Решив не искать лёгких путей, к 11: 45 мы вылезли на высотку ок. 1000 м, чтобы размяться и срезать путь по ключу. «На гривке чище», - выразил Громов общую мысль. И впрямь, надоело лезть по кустам, в которых даже после заморозков орудовали преогромные клещи. Сейчас они уныло наблюдали, как добыча уходит в недосягаемую вышину.

На карте эта сопка выглядит, как выраженная петля в верховьях ключа. Её южные склоны местами одеты лесом, преимущественно хвойным, под ногами пружинит мягкая подстилка из лиственничной хвои, мхов, багульника и брусничника. Изредка краснеют кустики изящного высотного растения кассиопеи. То и дело встречается порыжевший можжевельник, украшенный фиолетовыми бусинами, ещё чаще – рододендрон.
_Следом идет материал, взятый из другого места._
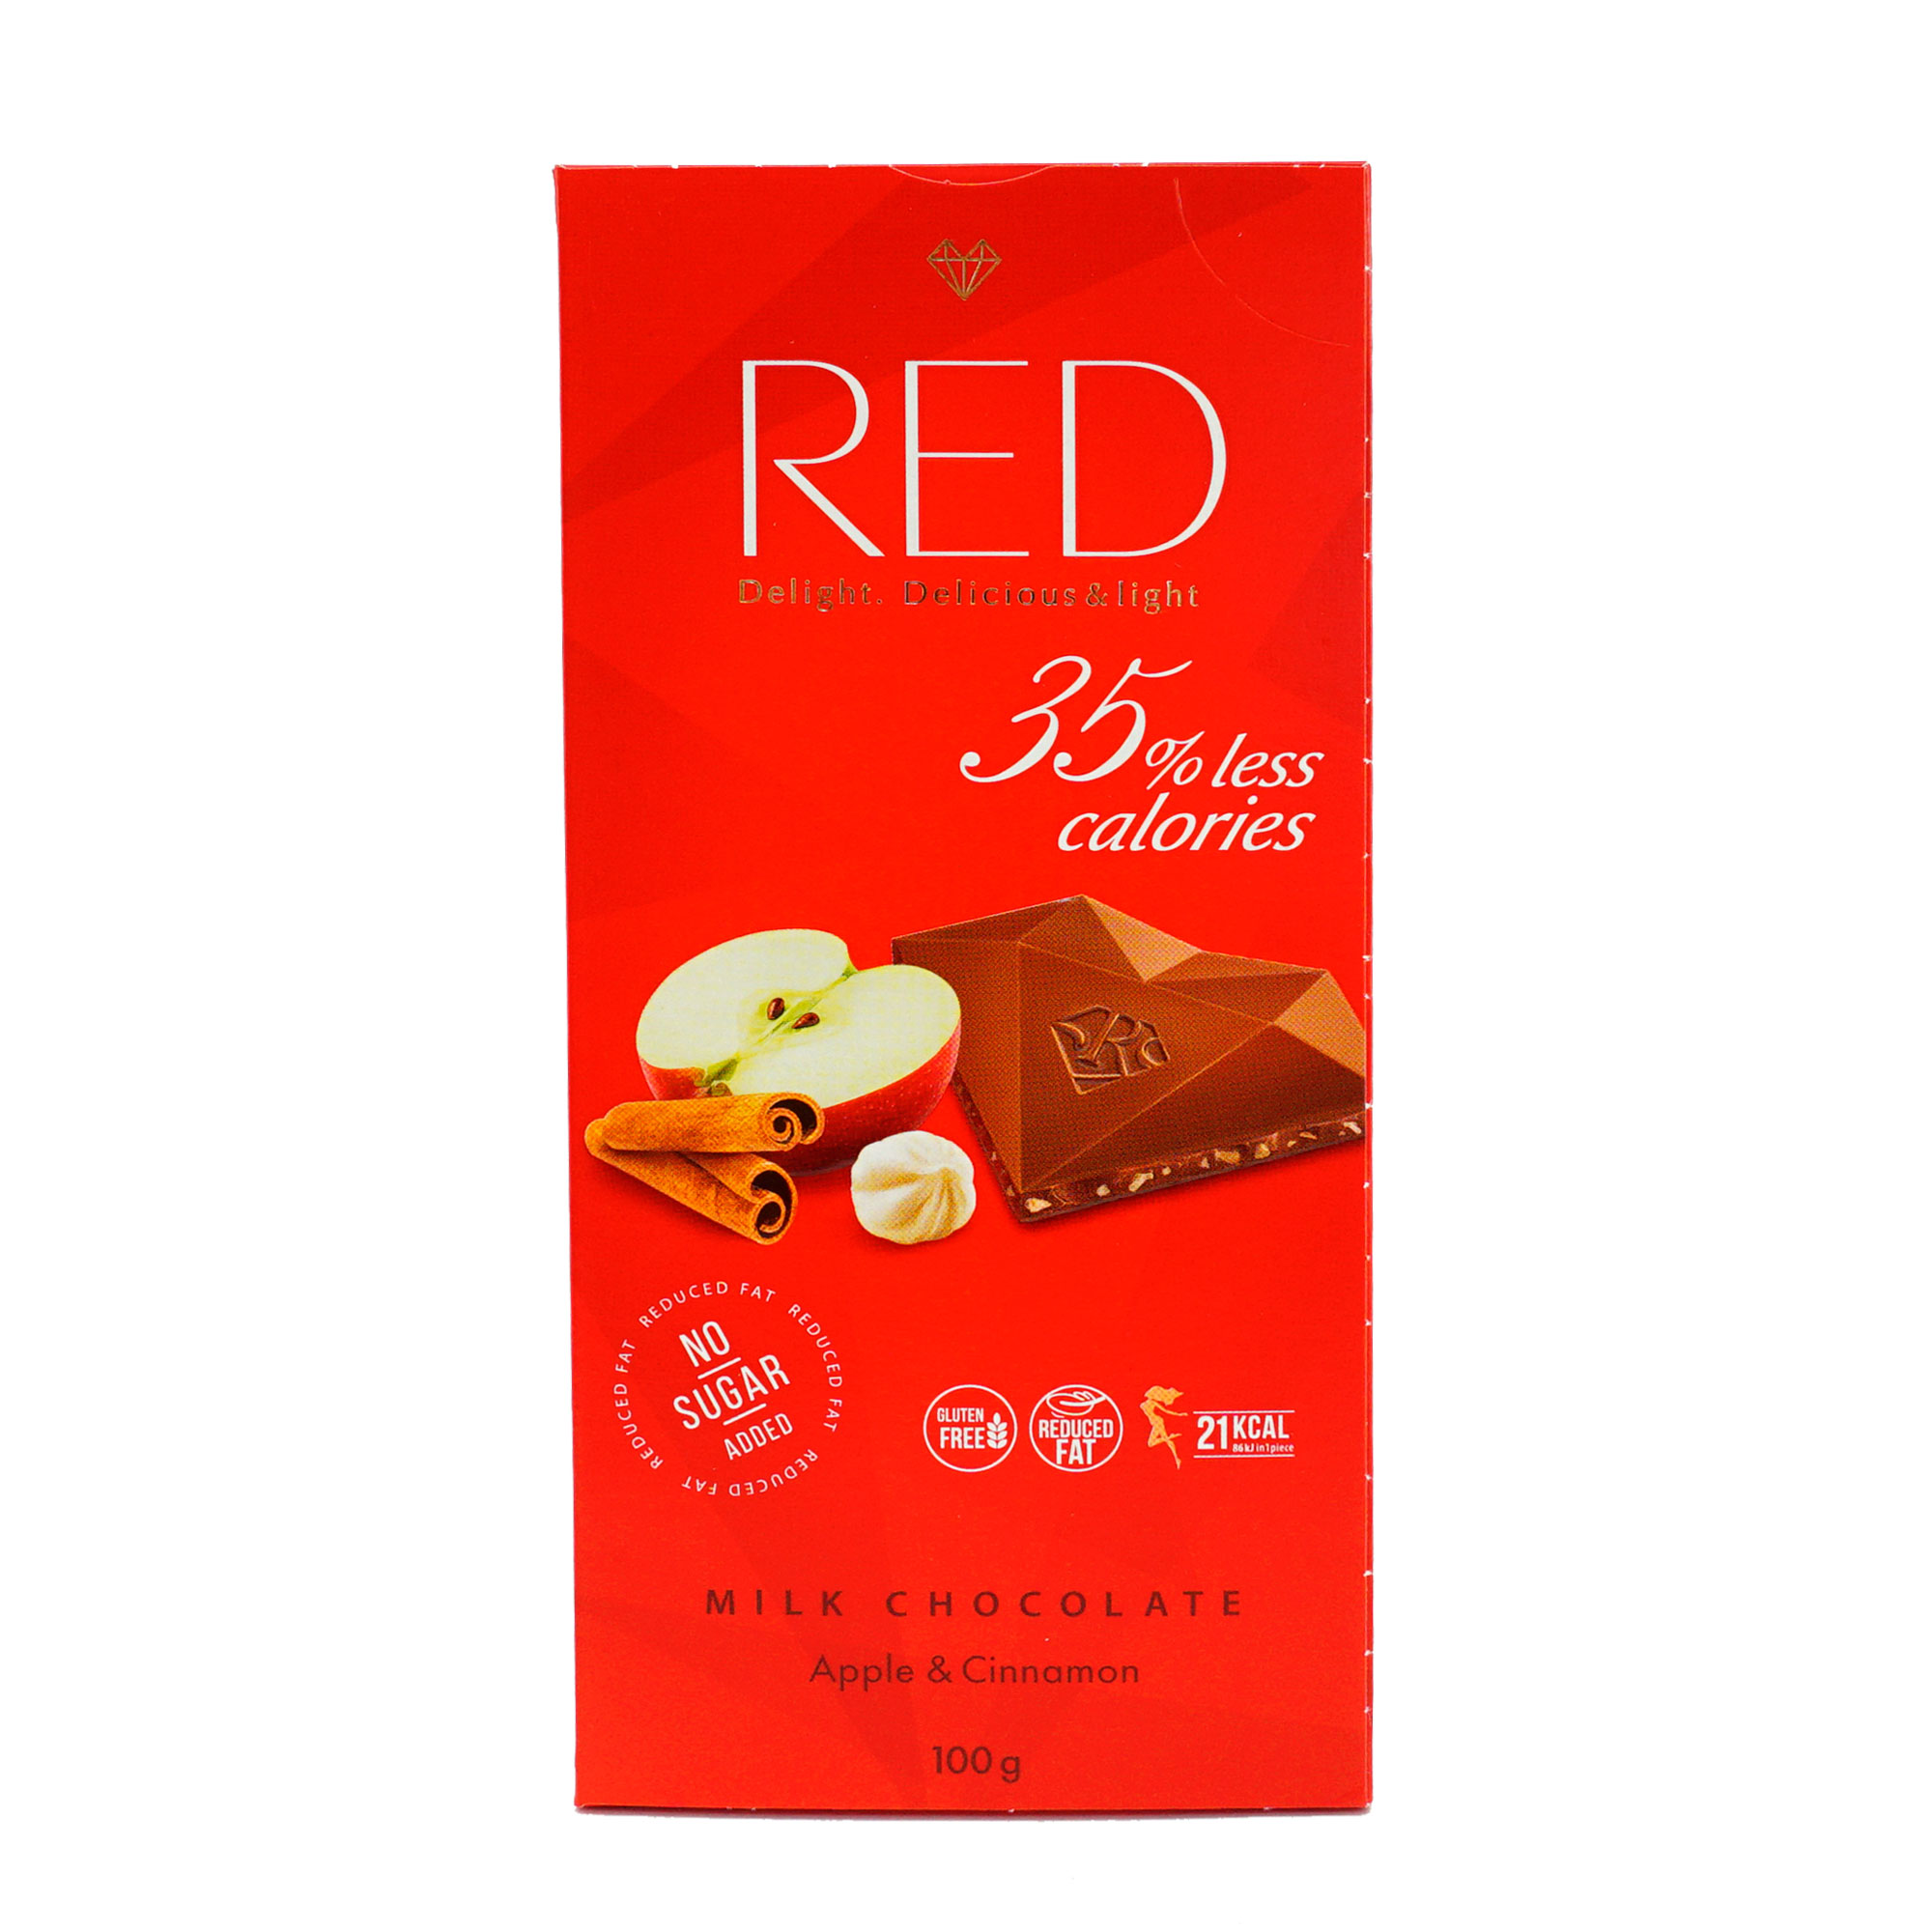 Шоколад Ред

Здесь тепло и уютно, не удивительно, что на протяжении всего подъёма попадаются лёжки зверя. С 770 м начинается снежок, - пока вкраплениями. Думается, на северном склоне картина очень изменится.

Но, прежде чем валиться к северу, устраивает короткую передышку, чтобы оценить силы и расстояние, а главное, полюбоваться необычными платообразными вершинами далеко на западе, которые притягивают глаз с самого утра. Дальняя из них – это Плато Озёрное, где Громов с Василием в 2007 году почти полмесяца мерили снежные просторы. Нами же с 10:00 до 11:45 пока пройдено 2,4 км по прямой. Усталости нет, зато тело начинает понимать, что ему предстоит, настраивается на спортивный режим. Тяготение предстоящего маршрута бьётся маятником в груди. Радует солнце, запах хвои и рододендрона, отдалённый шум ключа.
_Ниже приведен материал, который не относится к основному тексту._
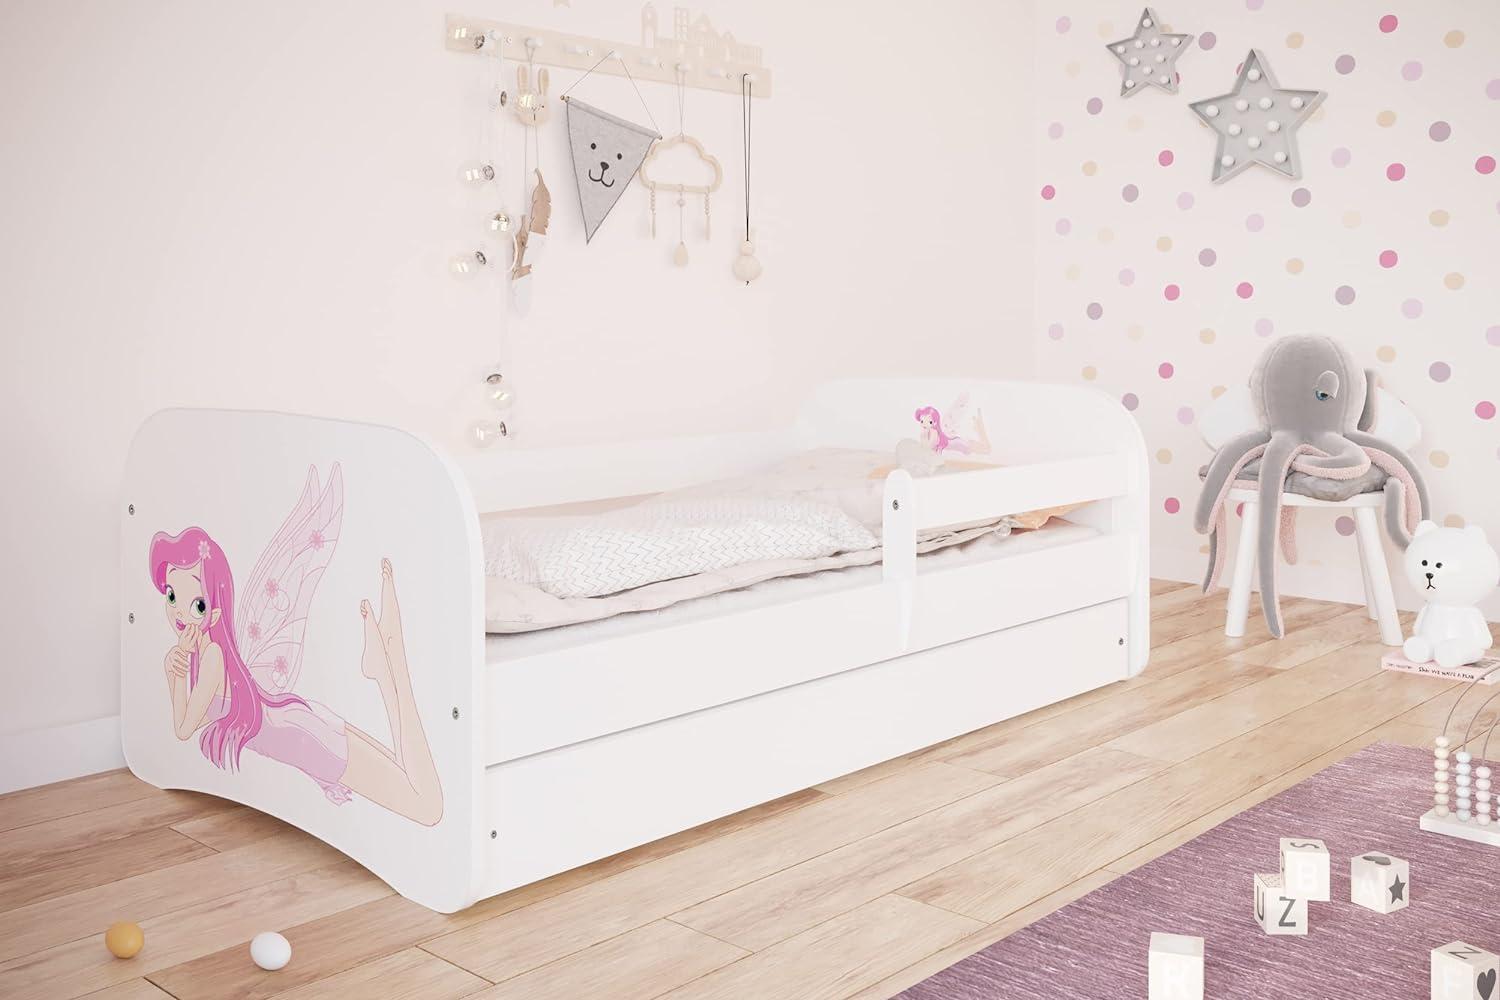 Kocot Kids 'Fee mit Flügeln' Einzelbett weiß 70x140 cm inkl. Rausfallschutz, Matratze, Schublade und Lattenrost Bild 1

Стоило начать падать к северу, и картина, действительно, резко изменилась: ботинки захрустели по сплошному белому ковру. Состоялась первая в этом году встреча с настоящим снегом!

Чуть ниже перегиба мы наткнулись на заросли рододендрона золотистого, - высокого кустарника с венцами крупных, ещё зелёных листьев. На южном склоне его не замечали.

Скатываемся вниз, и вскоре оказываемся у истоков нашего ручья.

Верховья этого ключика представляют собой узкую долину, и только здесь мы встретили «бородатый лес», - длинные висячие мхи. Эта долина – настоящий естественный холодильник: после осеннего полуденного тепла, тут будто окунаешься в зиму. Вокруг бело, ключик успел наморозить узорных сосулек по веткам.

По берегам обнаружилось много чёрной смородины. Как потом выяснилось, без этого благородного кустарника здесь не обходится ни один ручей, так что проблем с ароматным чаем у нас не было всю дорогу. По берегам обнаружилось много чёрной смородины. Как потом выяснилось, без этого благородного кустарника здесь не обходится ни один ручей, так что проблем с ароматным чаем у нас не было всю дорогу.

 

В 13:00, пройдя вверх до последнего выхода воды, мы выбрались на залитую солнцем осыпь, где и устроили обед. Старая Васина GPS в этой точке уверенно определила 1190 м, а новая Юрина ещё долго блуждала по неизвестным высотам. Несомненно одно: мы начали подъём на первую из намеченных гор, откуда пойдём «верхним путём». Это значит, питьевую воду на три дня надо набирать здесь. Готовить же планируем из снега.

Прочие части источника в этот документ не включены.